• [DATA PROVIDED]:
-- -- --

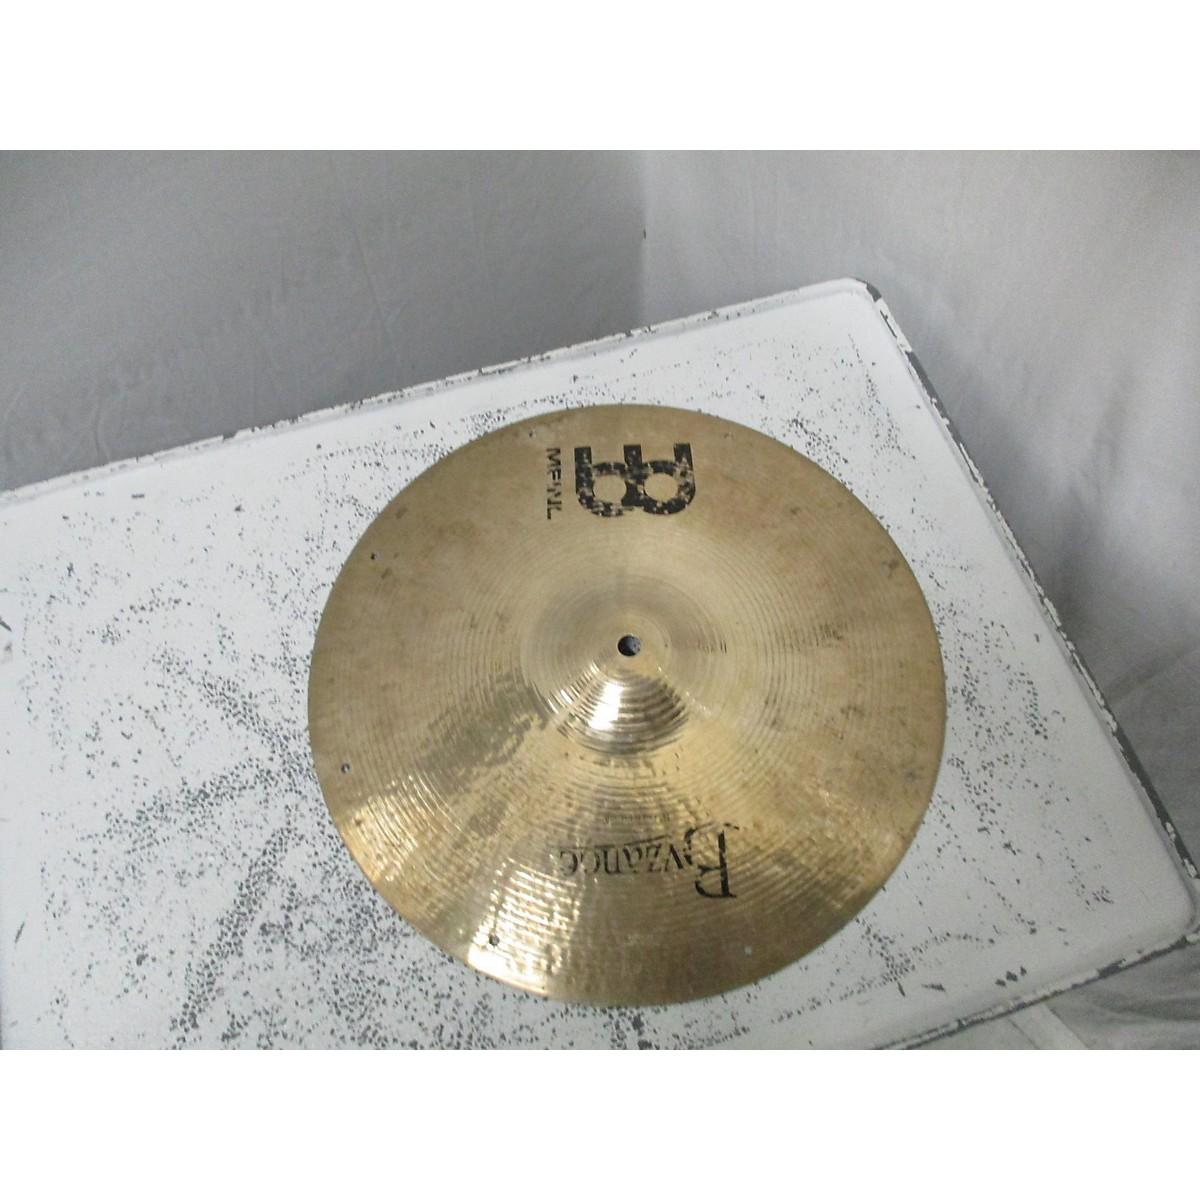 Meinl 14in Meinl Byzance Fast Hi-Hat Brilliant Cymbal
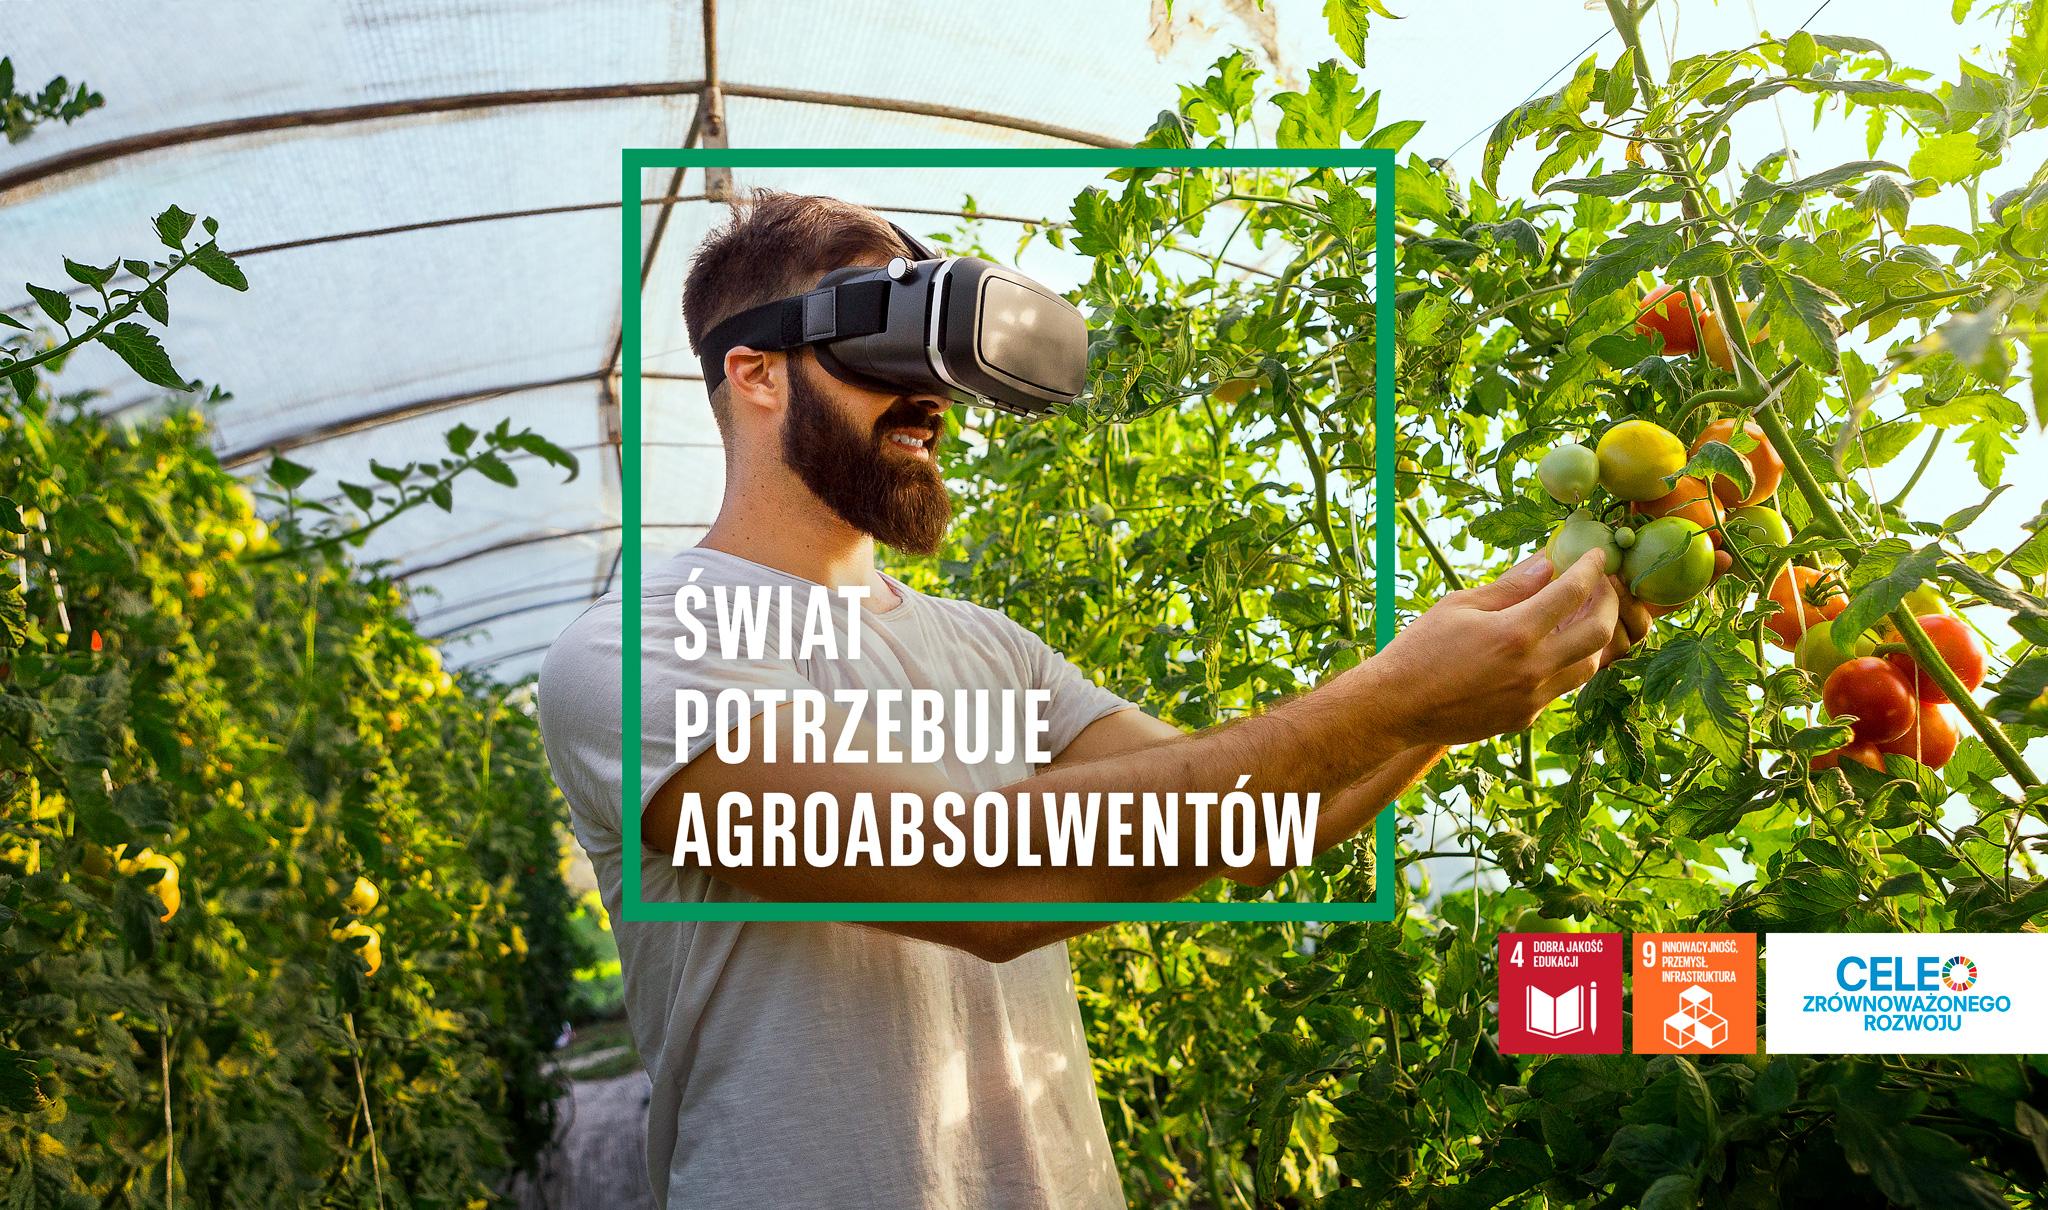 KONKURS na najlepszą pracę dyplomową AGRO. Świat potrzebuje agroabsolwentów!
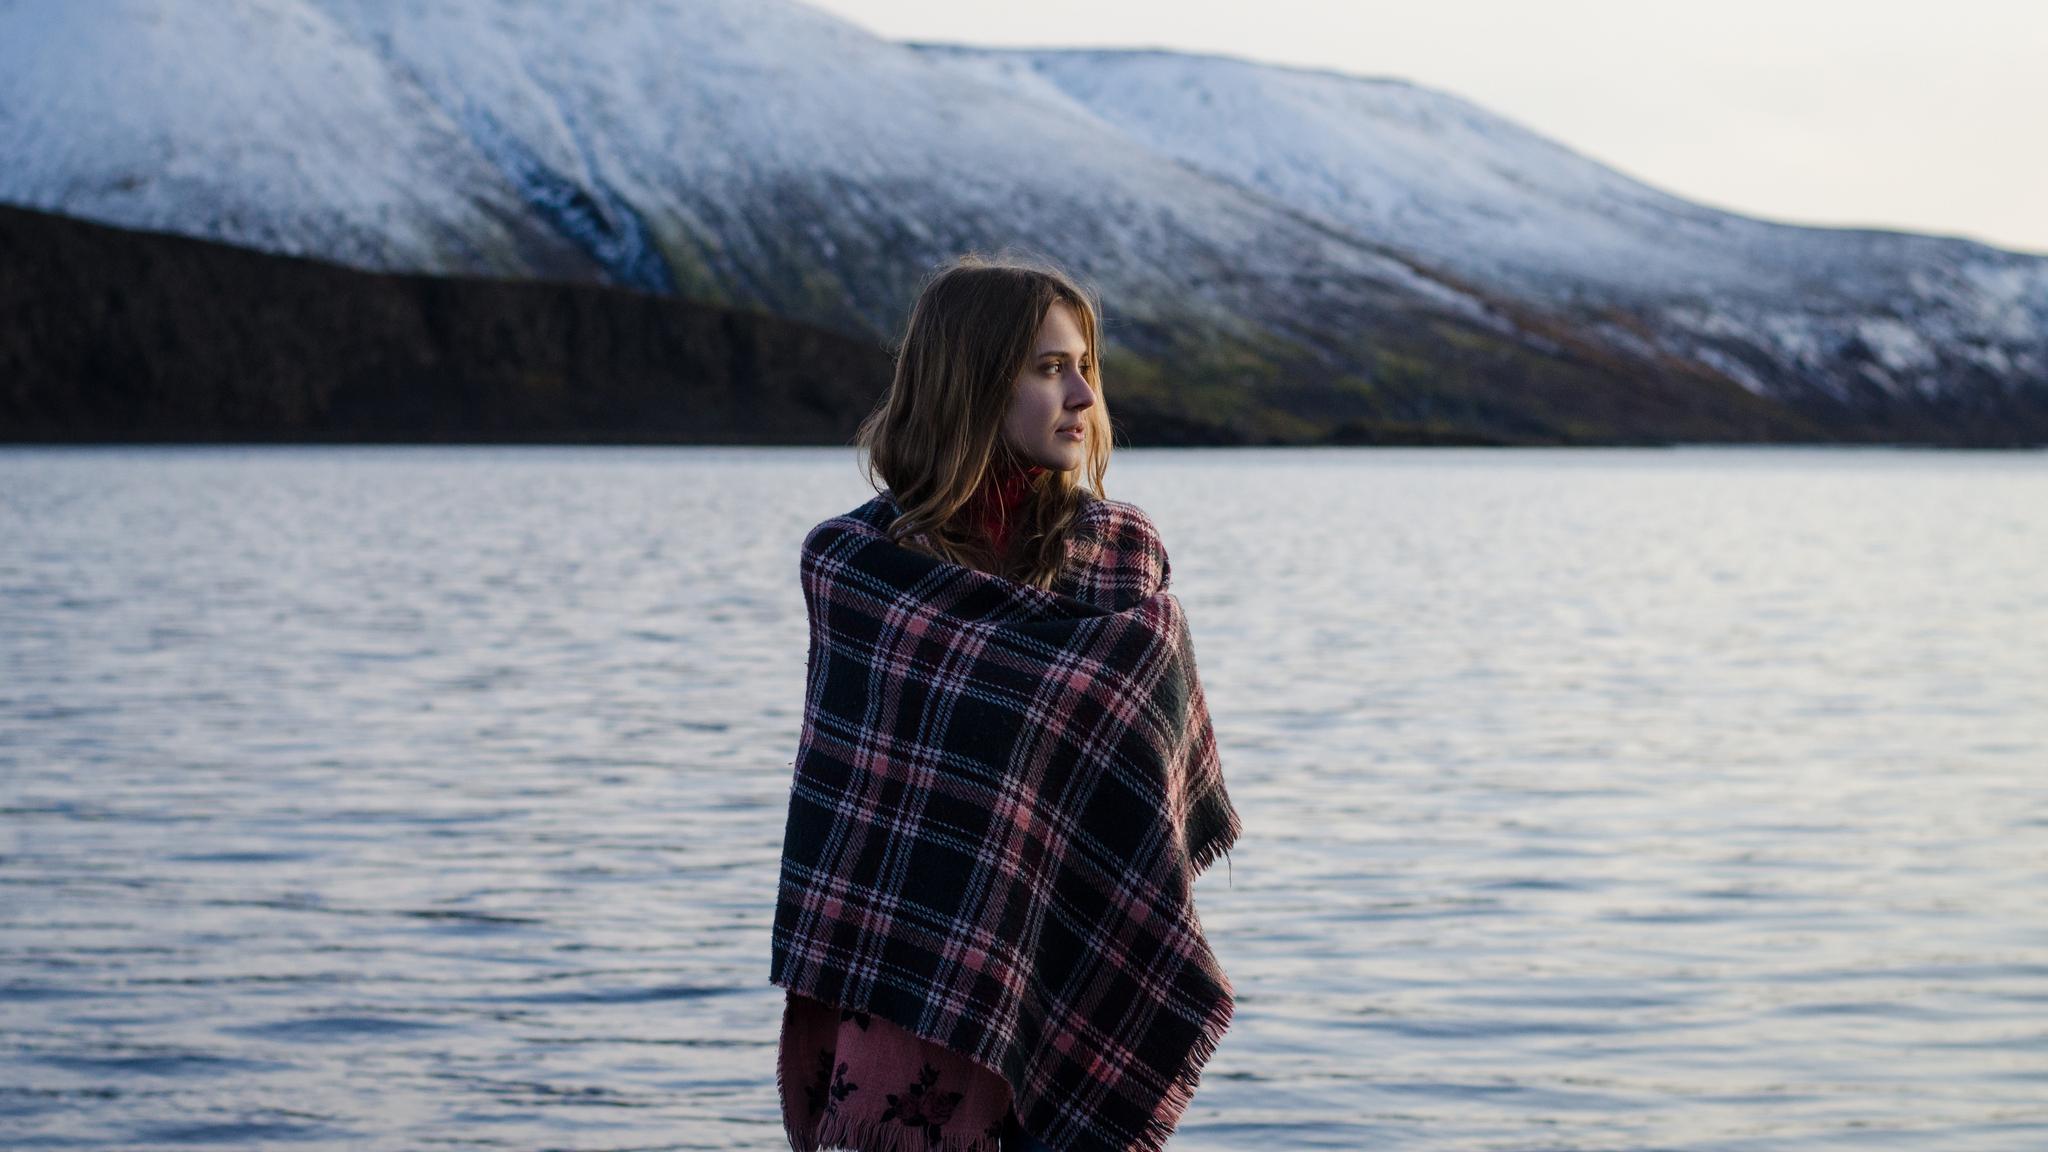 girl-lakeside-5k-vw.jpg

-- -- --

• [DIRECTIONS FOR THIS TASK]: What is needed here is an exact repetition of the listing above, pictures excluded.

• [WRITTEN RESPONSE]:
 Meinl 14in Meinl Byzance Fast Hi-Hat Brilliant Cymbal
 KONKURS na najlepszą pracę dyplomową AGRO. Świat potrzebuje agroabsolwentów!
 girl-lakeside-5k-vw.jpg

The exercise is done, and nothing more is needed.